Imagine una turbina eólica de 250 metros de altura, anclada con cables a 200 metros de profundidad, que resiste olas de 15 metros. Esto no es ciencia ficción, sino la realidad cotidiana de los parques eólicos flotantes que están surgiendo frente a las costas de Escocia, Portugal y Japón. Mientras que la energía eólica terrestre y la eólica marina fija sobre cimentaciones son tecnologías maduras con cadenas de suministro extensas, según la Agencia Internacional de la Energía (AIE), el verdadero frente de la innovación se encuentra ahora más allá del límite de los 60 metros de profundidad, donde las cimentaciones flotantes se convierten en la única opción viable.

El desafío es colosal: aprovechar los vientos más fuertes y constantes de las zonas marítimas profundas, que representan la mayor parte del potencial eólico marino mundial. Pero esta oportunidad viene acompañada de una serie de desafíos técnicos y económicos que ponen a prueba los límites de la ingeniería marina y la logística industrial. Este artículo no se limita a enumerar problemas; propone un marco de evaluación para comprender los proyectos y se basa en estudios de casos concretos para mostrar cómo la industria está superando estos desafíos, una turbina a la vez.

Un marco de evaluación para los proyectos eólicos flotantes: los 5 pilares críticos

Para evaluar la viabilidad y madurez de un proyecto de energía eólica flotante, se deben analizar cinco pilares interdependientes. Este marco permite ir más allá de las simples comparaciones de costos y comprender la complejidad sistémica de esta tecnología.

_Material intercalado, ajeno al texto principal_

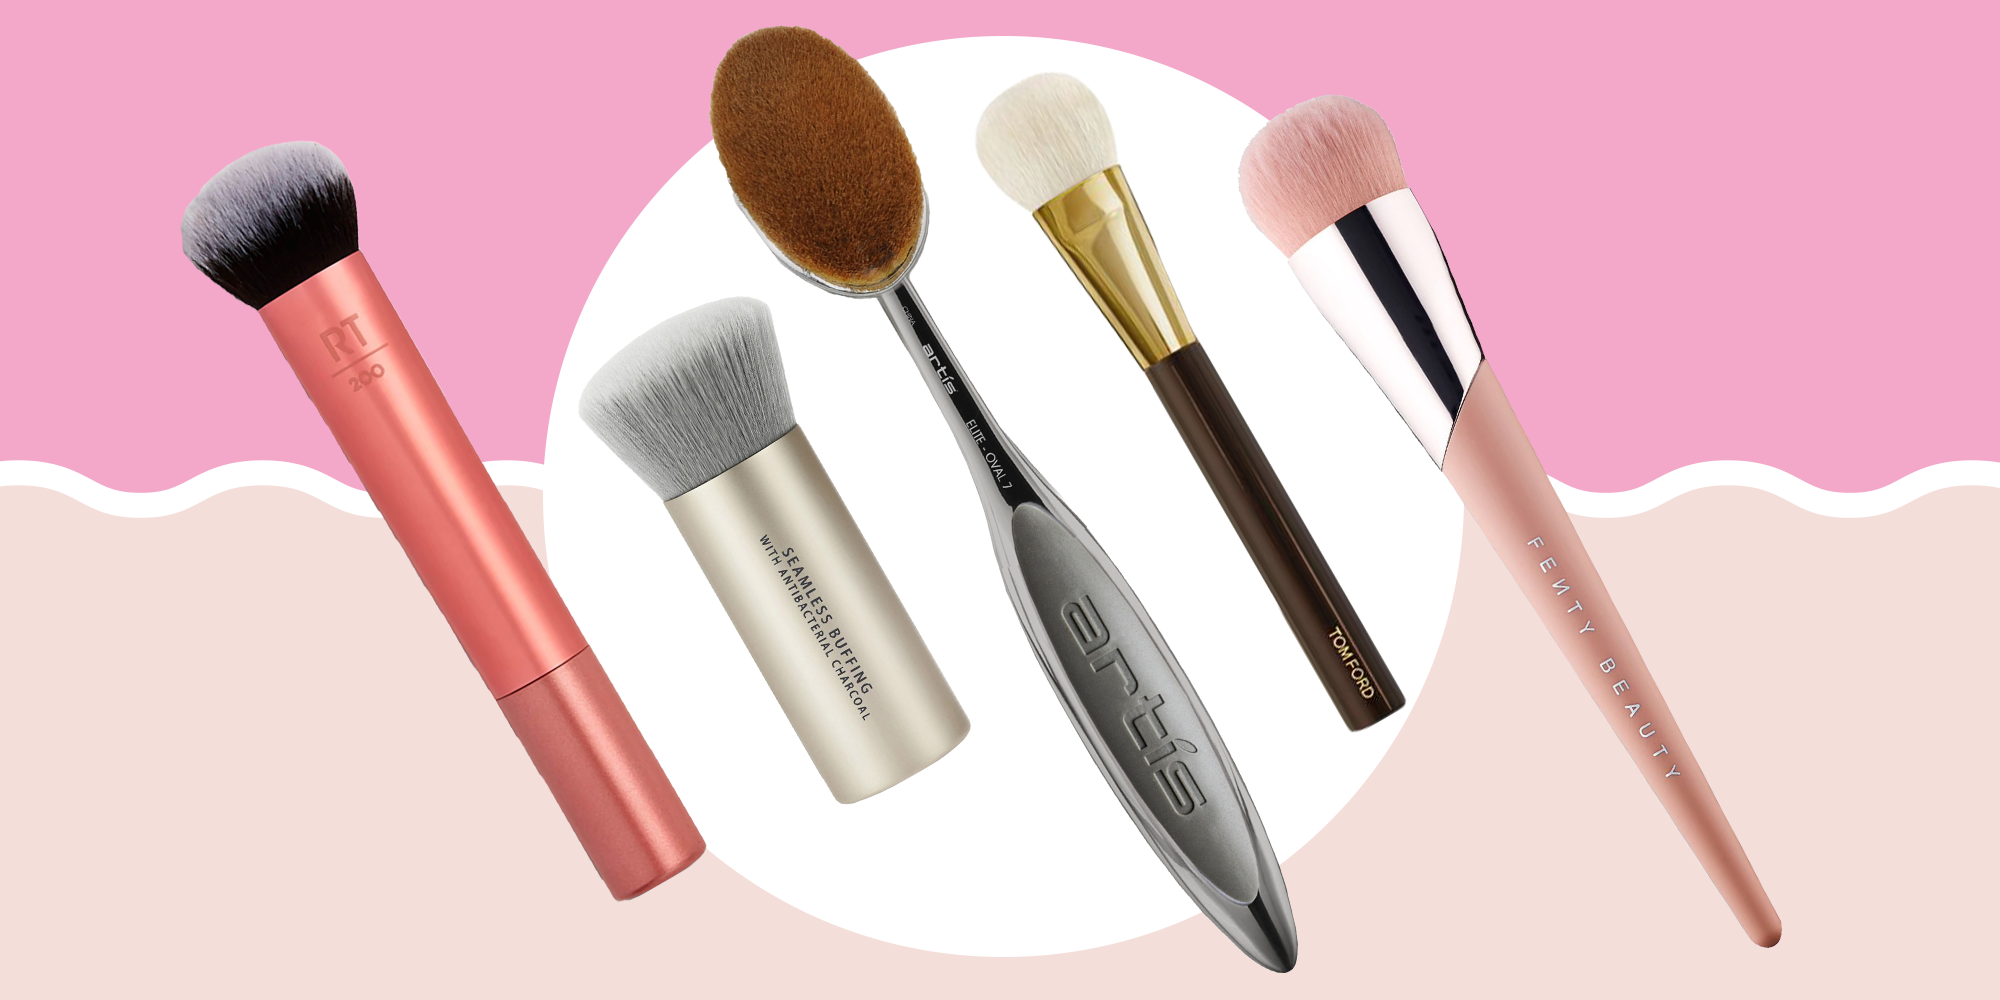 10 Best Foundation Brushes 2020 - How

  1. La estabilidad de la cimentación flotante: Este es el núcleo del desafío. La estructura debe ser lo suficientemente estable para soportar la turbina en la superficie, pero lo suficientemente flexible para absorber la energía de las olas y las corrientes. Las tecnologías varían (semi-sumergible, TLP - Plataforma de Piernas Tensadas, Spar), cada una con sus compensaciones entre estabilidad, costo y facilidad de instalación.
  2. La cadena de suministro y la logística de instalación: Como señala un análisis en ScienceDirect, la instalación de un parque eólico flotante representa un desafío importante de oportunidades y dificultades. Requiere puertos de aguas profundas, barcos de elevación especializados y una coordinación compleja entre la construcción en muelle y el remolque en el mar.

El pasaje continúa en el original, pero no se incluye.